One part of the nation’s energy crisis was a persistent shortage of natural gas; in some regions, schools and factories had been forced to close because the gas needed to heat them w
as in such short supply. Gas producers, not surprisingly, argued that the problem was that the government-mandated price was simply too low to encourage new exploration efforts. So in 1978 Congress hiked the regulated price that would be paid to producers (as exploration companies are called) for some types of natural gas. At the same time, though, Congress passed legislation barring the use of natural gas for any new industrial boilers. Thus the first law was intended to increase supply, while the second was intended to depress demand. Although this was hardly full-scale deregulation, it was the government’s first tentative step in that direction.
Unfortunately for the pipeline industry—and here was the great irony of the situation—the new rules worked far too well. Sure enough, the higher prices jump-started gas exploration and increased the nation’s supply of natural gas. But at the same time, demand for gas began dropping precipitously, not only because of government action but because as natural gas prices rose, many industrial customers switched to coal or fuel oil, which were suddenly cheaper. Over time, this put the pipeline companies in an impossible position.

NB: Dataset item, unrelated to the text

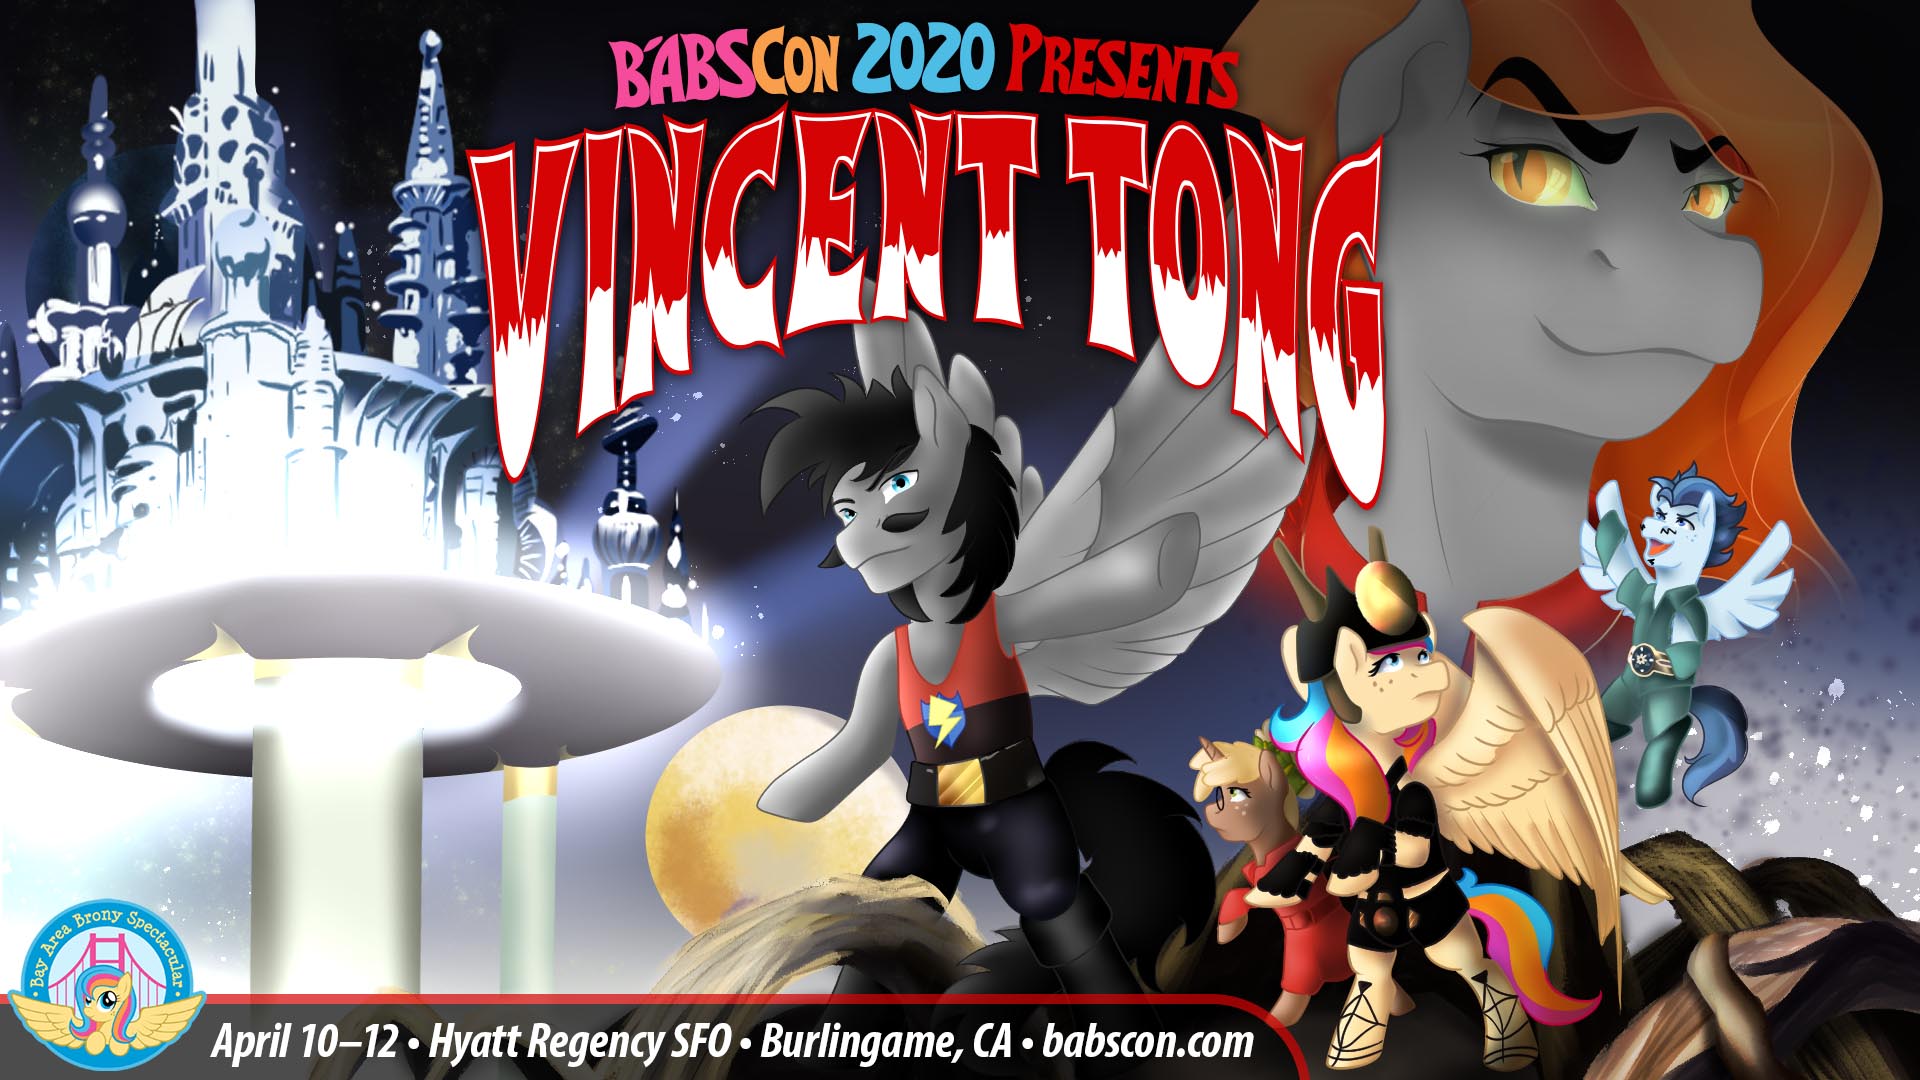 Vincent Tong Joins BABSCon 2020 in a Flash

Why? Because the pipelines, eager to protect themselves against future shortages, had started cutting long-term deals with individual producers to take virtually all the gas they could provide at the very moment when demand was dropping. The contracts they’d signed were called “take or pay,” meaning they were obliged to pay for the gas at the new higher rates even if they didn’t need it. Then, in the mid-1980s, the government made a bad situation even worse when it took its next small step toward deregulation: it freed utilities and industrial customers from their contracts to buy from the pipelines, allowing them to shop for better prices on the open market or turn to cheaper fuels.